BAJ
Angelo Crespi
Tra anarchia e 'Patafisica, antagonismo e surrealità, tra gioco e impegno, si è mosso Enrico Baj durante la sua lunga attività d'artista. Ed anche le sue opere seguono questa polutropa predisposizione a cogliere gli aspetti più grotteschi e ironici della società che gli fu contemporanea, quel secondo Novecento così denso di contraddizioni dopo la fine della guerra, sancita tragicamente con lo scoppio della bomba atomica, e i decenni a seguire in cui al consumismo del boom economico faceva da contraltare l'utopia socialista. L'attivismo di Baj non fu però solo politico, bensì eminentemente di tipo artistico, fondando movimenti, in primis la pittura nucleare, partecipandovi (il secondo surrealismo), scrivendo su riviste e giornali, animando gruppi e circoli di intellettuali, aprendosi a collaborazioni e sodalizi internazionali. Anche il suo modo di fare arte si caratterizzò per una felice commistione di generi che riassumevano le intuizioni avanguardistiche di Picasso (il collage e l'assemblaggio) e le tensioni del new dada (la dissacrazione e il concettuale), senza rinunciare a uno stile proprio che lo rese già da subito riconoscibile e inimitabile.

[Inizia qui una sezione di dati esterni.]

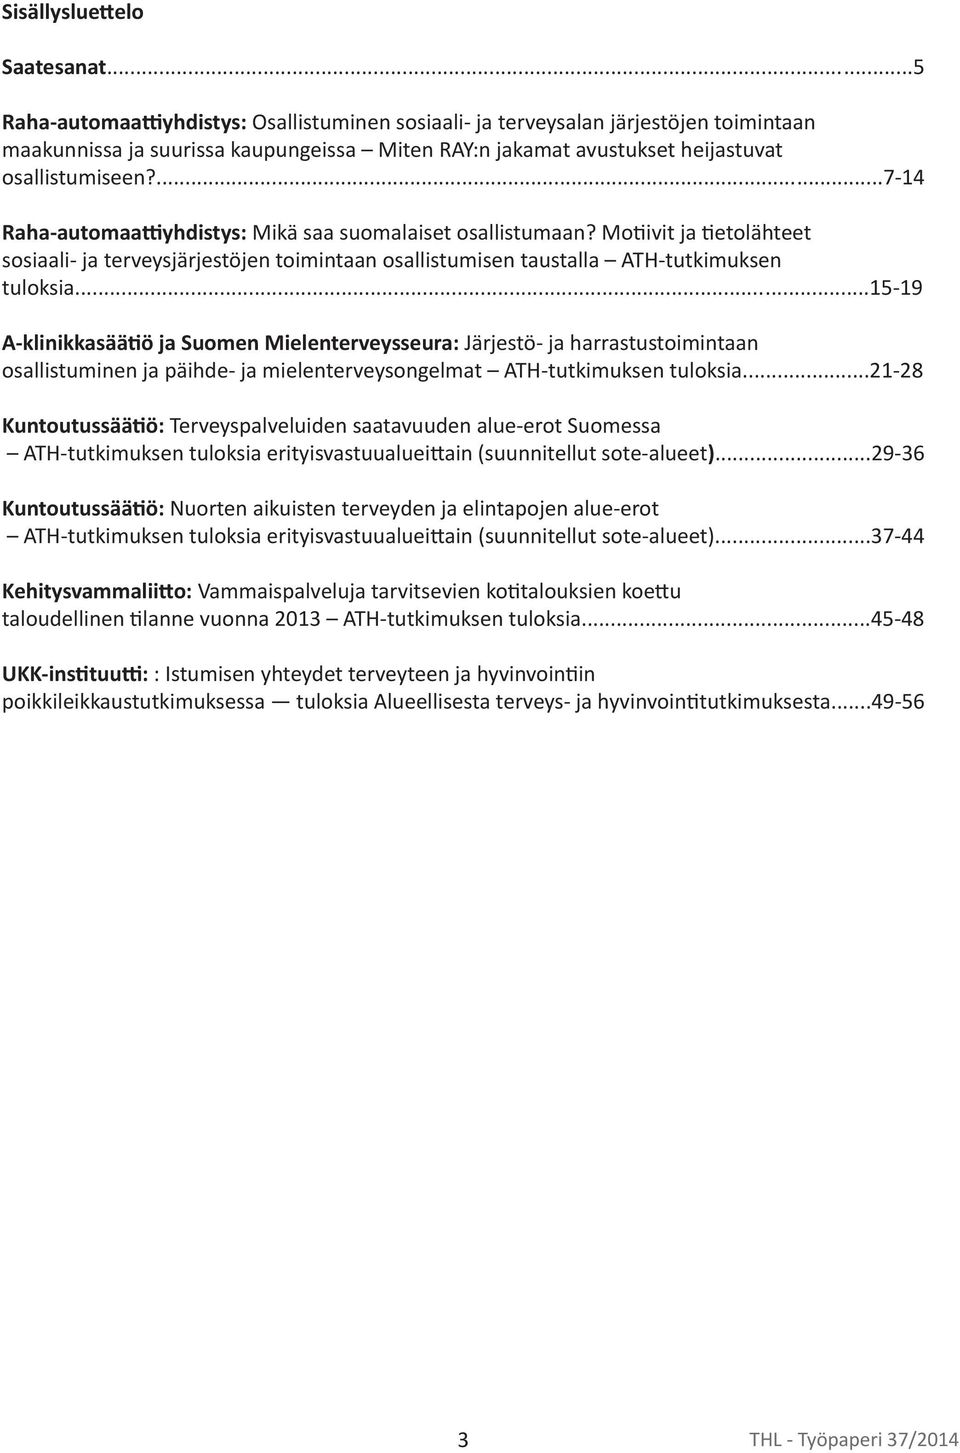 ...7-14 Raha-automaa yhdistys: Mikä saa suomalaiset osallistumaan? Mo ivit ja etolähteet sosiaali- ja terveysjärjestöjen toimintaan osallistumisen taustalla ATH-tutkimuksen tuloksia.

I libri d'artista - esposti negli spazi straordinari della Biblioteca Braidense in una mostra che celebra i cento anni della nascita dell'artista - esemplificando ulteriormente la creatività di Baj che si espresse ai massimi livelli perfino in un genere, a torto, considerato minore come la grafica. E nel quale invece Baj vi ci si applicò con la solita giocosa serietà, con impeto e passione, producendo - spesso con l'ausilio del mitico stampatore Giorgio Upiglio - alcuni piccoli capolavori a partire da quel primo gioiello del De rerum natura, passando per Dames et Généraux, fino al Meccano ou l'analyse matricelle du langage che strinse la collaborazione con Raymond Queneau. Tra tutti il più poetico, il Baj Merini a ricordare l'amicizia con Alda Merini e quei versi a lui dedicati e che ne riassumono il carattere immaginifico con cui affrontò la vita: «Baj, ricorda il tempo della passata avventura | quando il treno che conglobava i poeti | lungo porte di ferro | a perdonare questi spazi orrendi | che tu solo chiamavi fantasia».